Откуда-то, словно нюхом определив готовящееся застолье, появились люди.

Один из них – Миша был словно весь на пружинах – парень из соседнего дома.

– Он водку под «Кристалл» делал. Местную милицию подкупил, все хорошо у них шло, потом нагрянуло ФСБ и забрало продукцию на четыре миллиарда, представляешь? А потом вся их компания от суда откупилась за сорок тысяч долларов. Все что заимели – все отдали. – Жарко дыша в ухо Виктории, прошептала востроносенькая женщина напоминающая лису, с такого же цвета волосами. Она едва успела войти и, не познакомившись ни с Викторией, ни с Зинаидой, подсела к Виктории и тут же начала вводить её в курс дела: После этого Мишка впал в запой. – Выдержала паузу, но, не дождавшись ответной реакции, быстро-быстро продолжала: – Бродил по приятелям целый месяц, а жена за это время нашла себе другого.

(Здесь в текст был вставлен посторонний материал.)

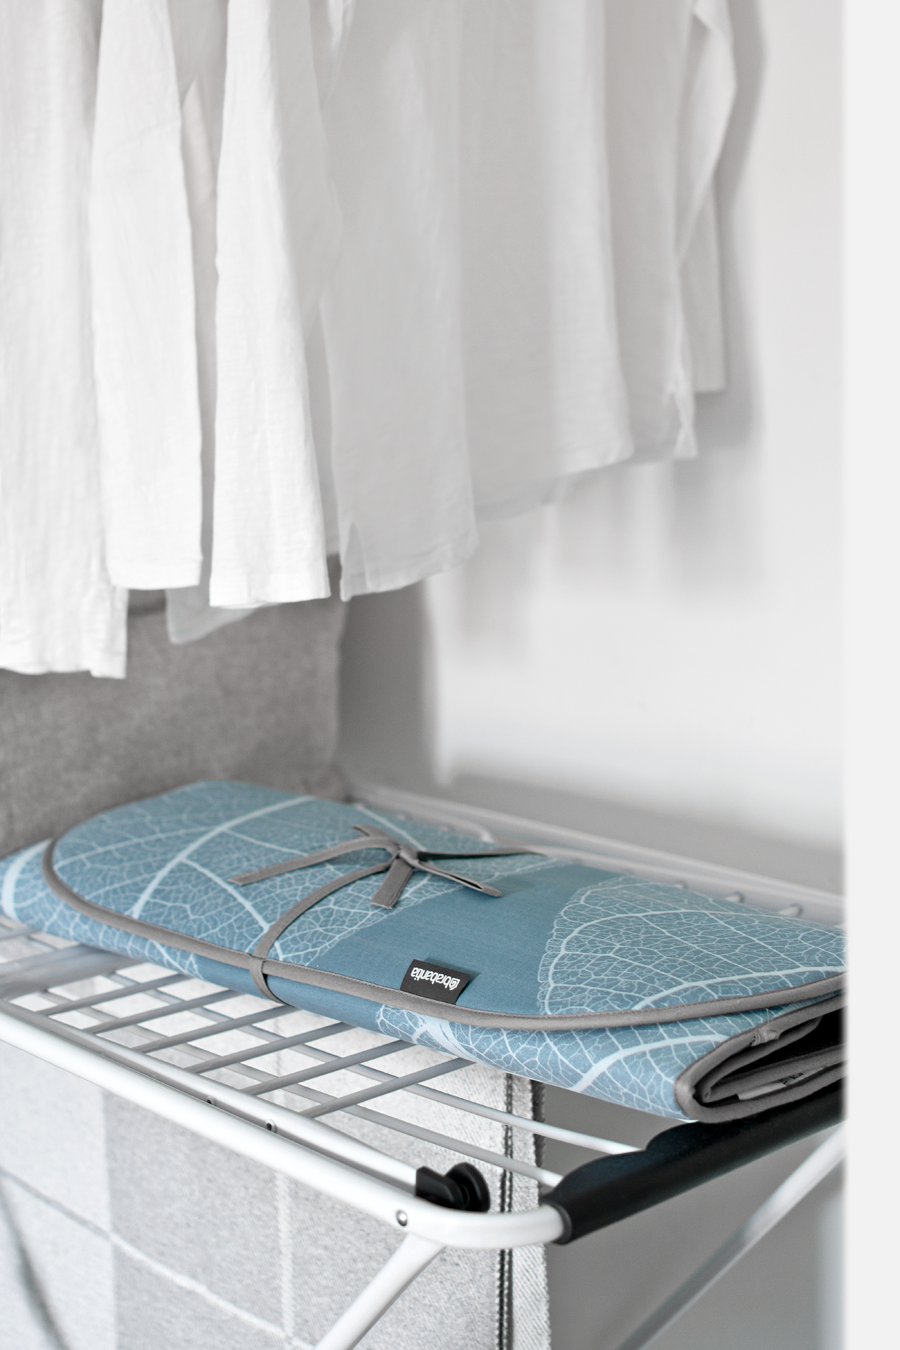 Organize a small ironing and laundry area / Organizar una pequeña zona de lavado y planchado

И ушла от него. Он вернулся к ней, чтобы сказать, что приобрел для неё Ситроен, всего за тысячу долларов, а она развернулась и ушла. Представляешь? Не мог раньше ей чего-нибудь этакого купить! Все некогда было – деньги делал, как печатал. А когда пригнали Ситроен, оказалось, что ездить на нем нельзя. Вот он и стоит теперь под окнами Якоба. Когда он был женат и при деле – его никто не знал, а теперь он стал своим в доску! Всякий сброд к себе в дом впускает. – И заметив, что на неё поглядывают мужчины, так же шепотом представилась: Меня Лиля зовут. Ветеринар я. В аспирантуре учусь. Хочу свою лечебницу открыть.

– Хорошее дело. – Только и успела сказать Виктория, как Лиля тут же воскликнула, так чтобы слышали все:

– А что? Надеяться не на кого. Мужики черти-чем занимаются. Как посмотришь – замуж не хочется. – И с укоризной оглядела присутствующих мужчин, глотнула водки из стакана и, уже обращаясь к представительницам женского пола, сказала так, словно угрожала кому-то:

– Во, девки, я всегда говорю – замуж надо выходить за иностранца! Иначе все равно придется свое дело открыть. – И захрумкала соленым огурцом.

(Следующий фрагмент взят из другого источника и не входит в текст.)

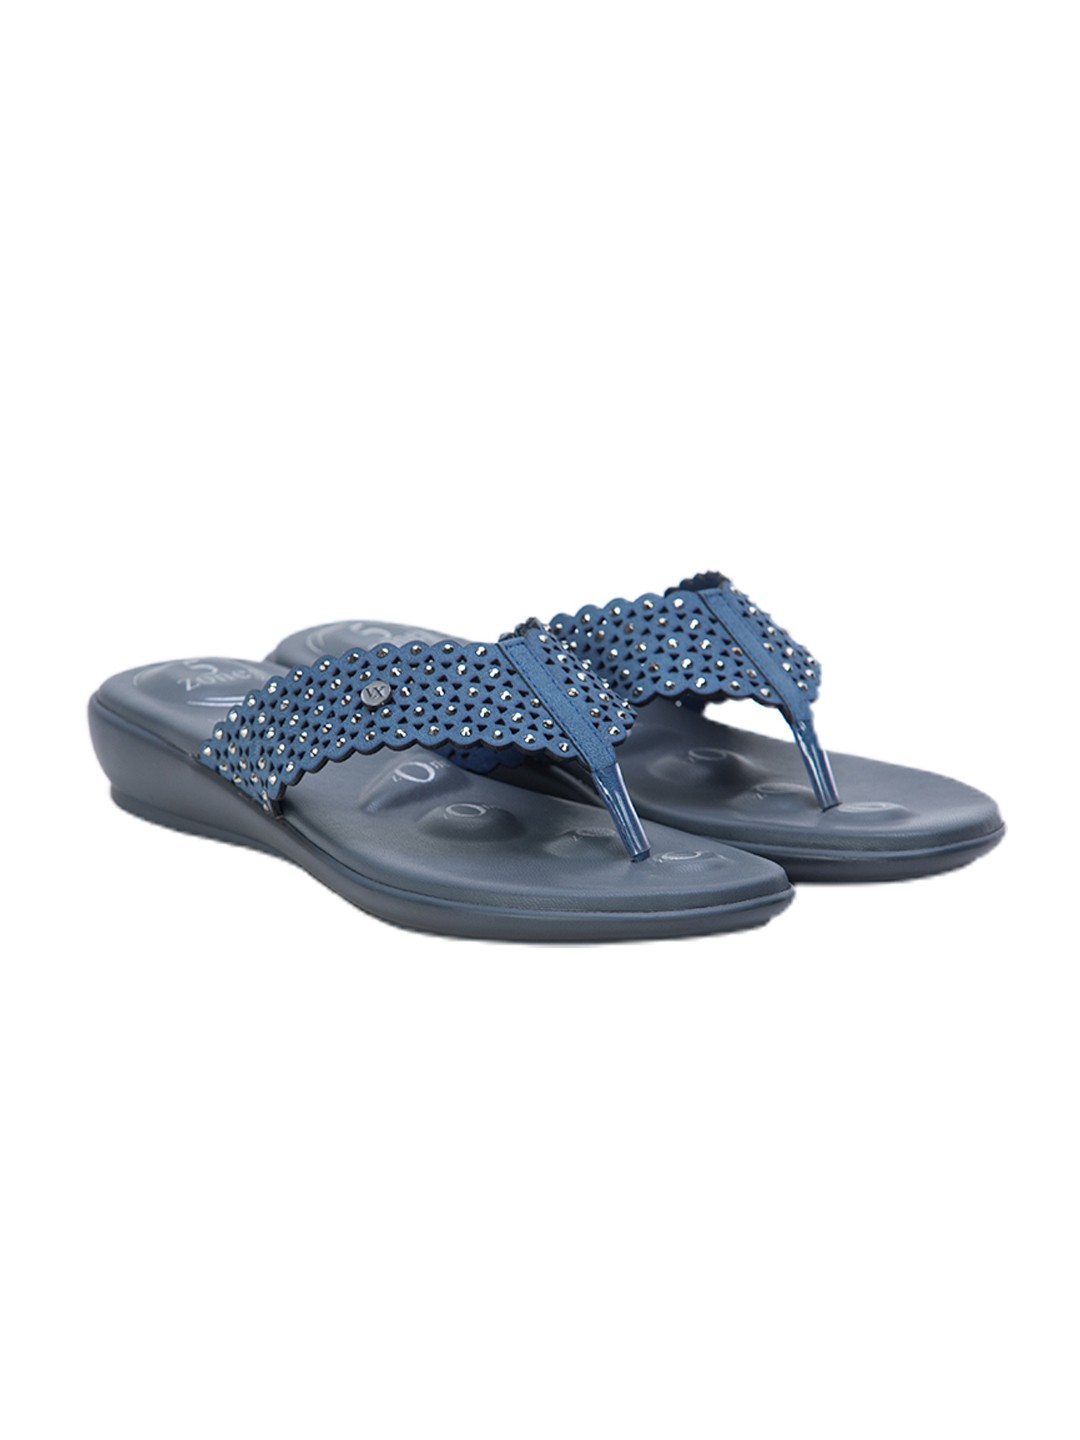 Buy Von Wellx Germany Comfort Gleam Blue Slippers Online in Sharjah

Третьим из гостей Якоба был скромный парень. Он бросал на Викторию скромные взгляды из под ровной челки шелковисто-белесых волос. И тут же опускал глаза и краснел, когда замечал, что Виктория видит это. Он оказался бомжом – Пашей, которого пригрел Мишка, за то, что Паша чинил его Ситроен.

Очень быстро собравшаяся компания начала утомлять Викторию. Их кипучая энергия после третьего тоста превратилась в назойливое панибратство. К тому же смех, жесты, голос Зинаиды с каждой минутой становились все жеманнее и жеманнее, глаза её постоянно суетливо перенастраивались с одного на другого, стараясь не остановиться взглядом на Якобе. Виктория заметила это и дала знак, что пора идти. Не досидев до логического конца – то есть до полного разброда и шатания, они вышли из-за стола. Виктория, извинилась, сказав, что у них ещё есть неотложные дела.

– Ну… зачем так? Зачем! – капризничала опьяневшая Зинаида по дороге домой. – Люди такие приличные, так хорошо сидели! А Якоб – какой он солидный!..

– Маминькин сыночек. – Мрачно усмехнулась Виктория.

ГЛАВА 14

А на следующий день появилась и мама Якоба. Это была грузная, передвигающаяся походкой тюленя женщина с очень добрым лицом. Она помогла Зинаиде оформить комнату километрами голубой, уже ненужной подкладочной ткани, купленной когда-то по дешевке для пошива шуб, которые уже никогда не сшить. Несмотря на свою полноту, она легко передвигалась по комнате, вскакивала на стремянку, приколачивала гвоздями ткань, вместо обоев. Выкроила скатерти на столы, голубые шторы, мало того – как-то по ходу дела в минуты перерыва научила Зинаиду ещё одному способу гадания на картах, а когда пришла Виктория, приглашенная посмотреть на их небесный рай в пределах одной комнаты, представившись Галиной Арнольдовной, тут же раскинула несколько карт и сказала:

– Ой, девка, приехала ты издалека, делаешь не то что хочешь. Пойдешь в одну сторону, да окажешься в другой.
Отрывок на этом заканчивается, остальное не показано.